I was diagnosed with irritable bowel syndrome when I was very young. I was constantly dealing with alternating bouts of constipation and diarrhea, cramping and bloating. I have always been a “high-strung”, or nervous person. But keeping those feelings hidden away inside to the point of causing illnesses. I’m learning, as I age, to let those feelings go and get rid of them so not to cause any more problems, or flare-ups, with any of my, already long list, of illnesses.

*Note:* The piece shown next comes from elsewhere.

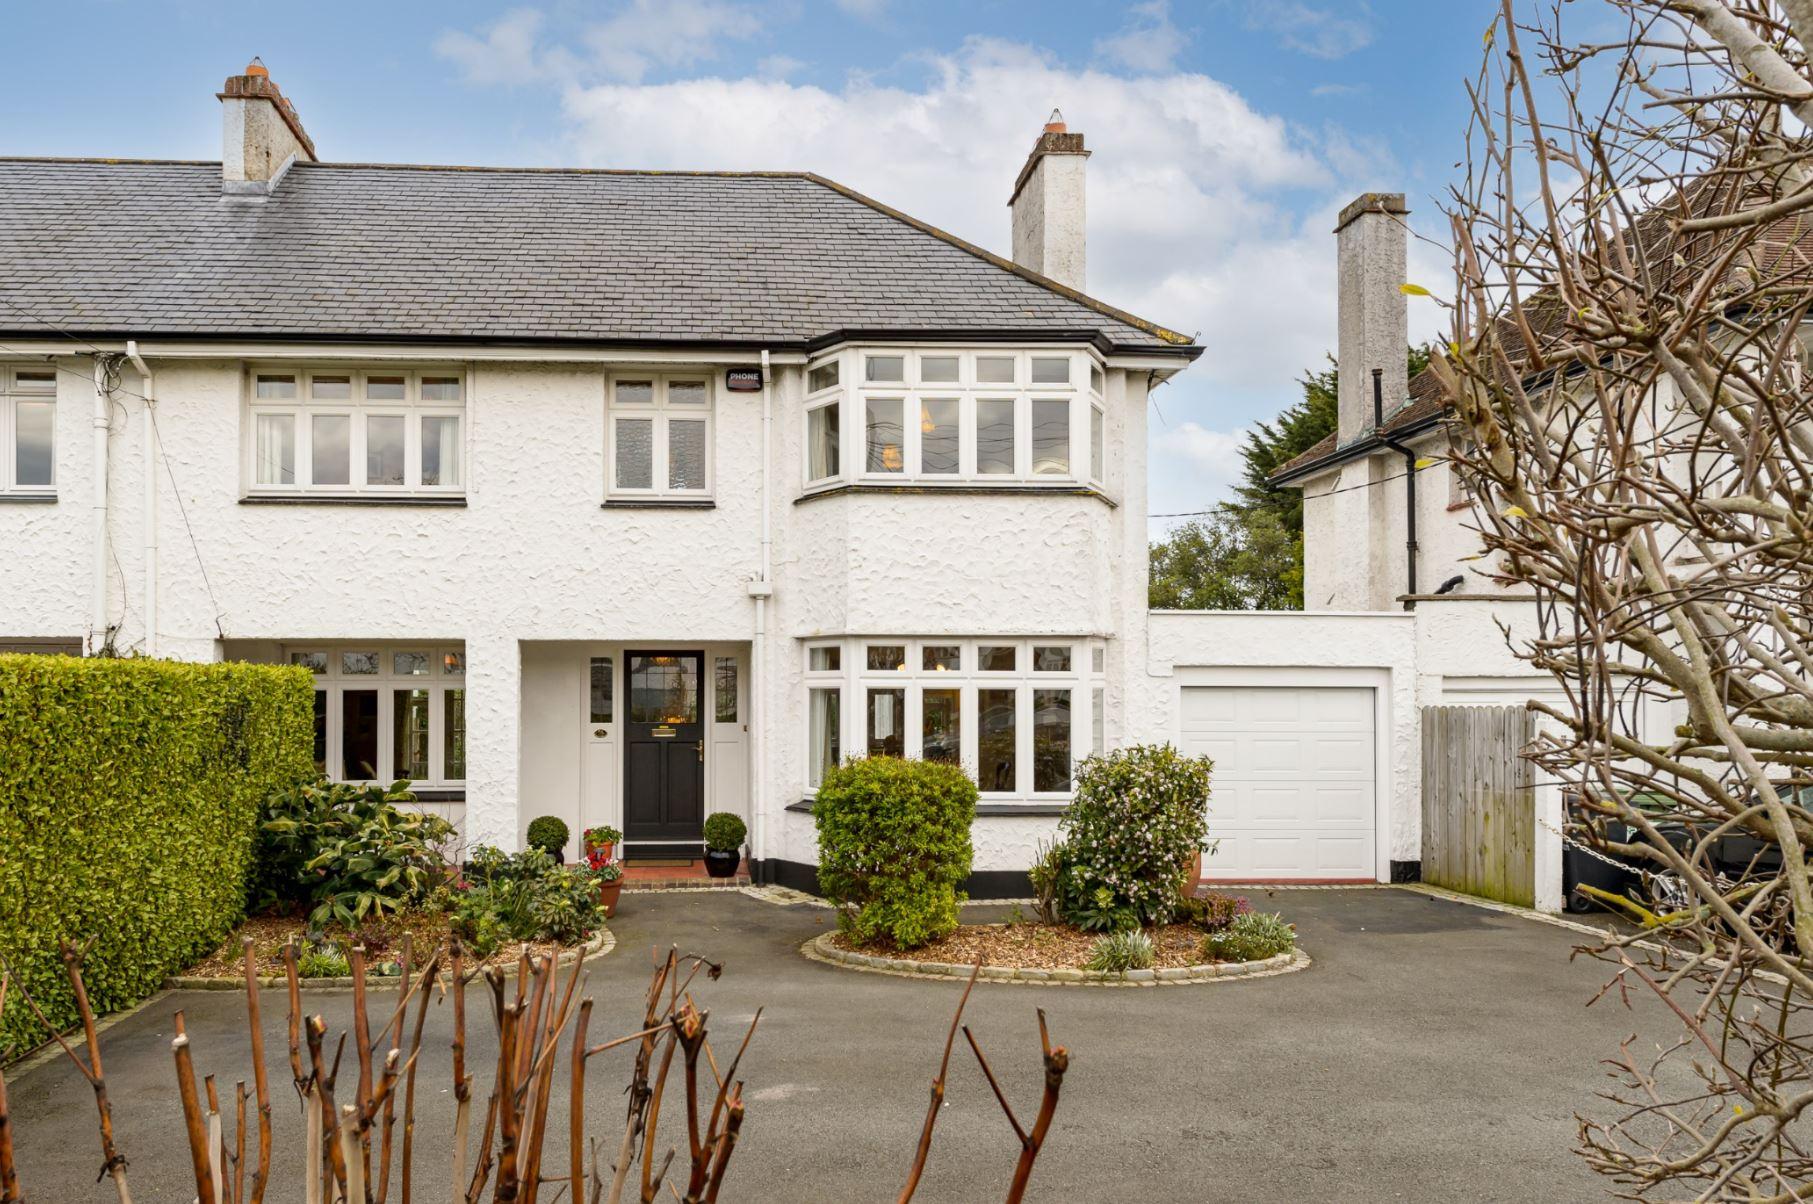 16 Sycamore Road, Mount Merrion, Co. Dublin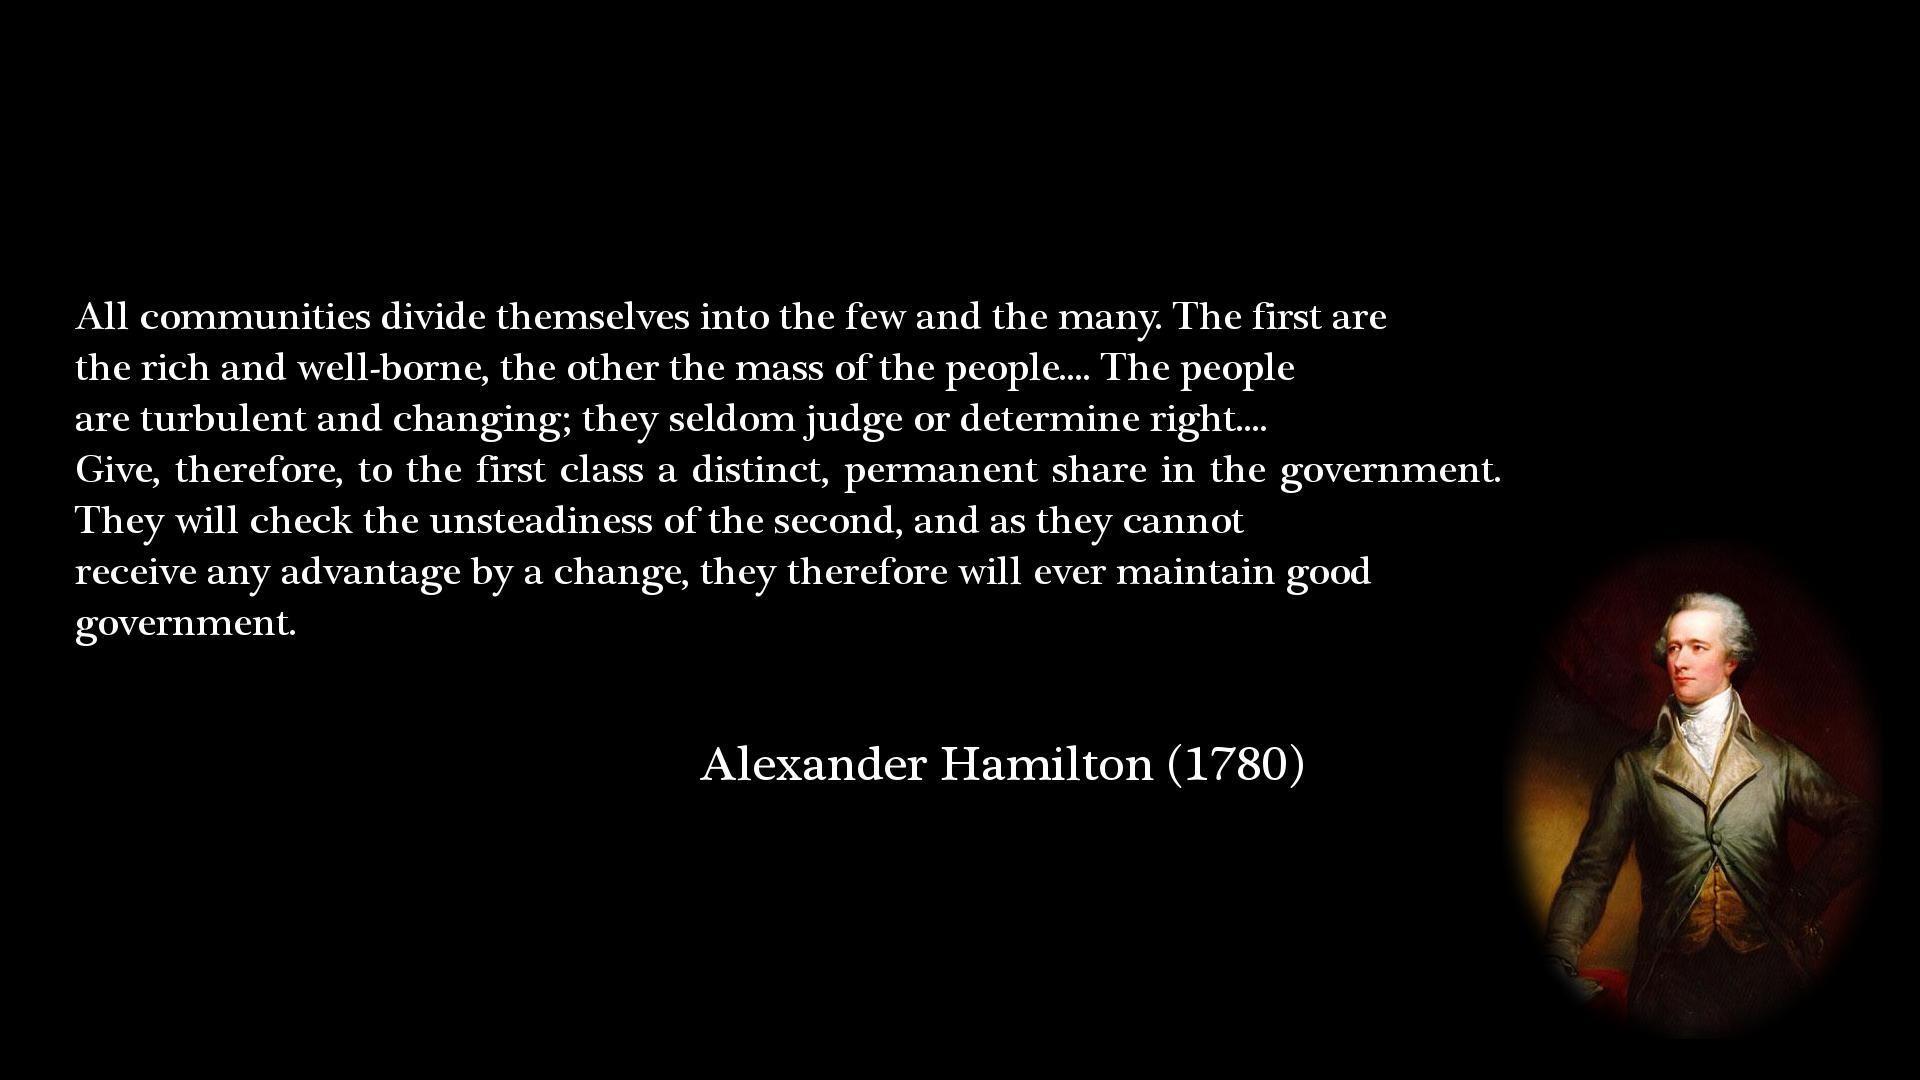 Alexander Hamilton Wallpaper 74 images

The signs and symptoms of irritable bowel syndrome can vary widely from person to person and often resemble those of other diseases. Among the most common are:

  • Abdominal pain or cramping
  • A bloated feeling
  • Gas
  • Diarrhea or constipation — sometimes alternating bouts of constipation and diarrhea
  • Mucus in the stool

For most people, IBS is a chronic condition, although there will likely be times when the signs and symptoms are worse and times when they improve or even disappear completely.

It’s not known exactly what causes irritable bowel syndrome, but a variety of factors play a role. The walls of the intestines are lined with layers of muscle that contract and relax in a coordinated rhythm as they move food from your stomach through your intestinal tract to your rectum. If you have irritable bowel syndrome, the contractions may be stronger and last longer than normal, causing gas, bloating and diarrhea. Or the opposite may occur, with weak intestinal contractions slowing food passage and leading to hard, dry stools.

 Abnormalities in your gastrointestinal nervous system also may play a role, causing you to experience greater than normal discomfort when your abdomen stretches from gas or stool. Poorly coordinated signals between the brain and the intestines can make your body overreact to the changes that normally occur in the digestive process. This overreaction can cause pain, diarrhea or constipation.
I was told by a gastroenterologist that the colon can be cut to pieces and you will not feel it, but if you expand the colon it becomes uncomfortable and begins to cause severe pain. He also explained the movement of the muscle contractions, sometimes they counter act and work against the muscles further up or down the line of the colon causing great discomfort and constipation.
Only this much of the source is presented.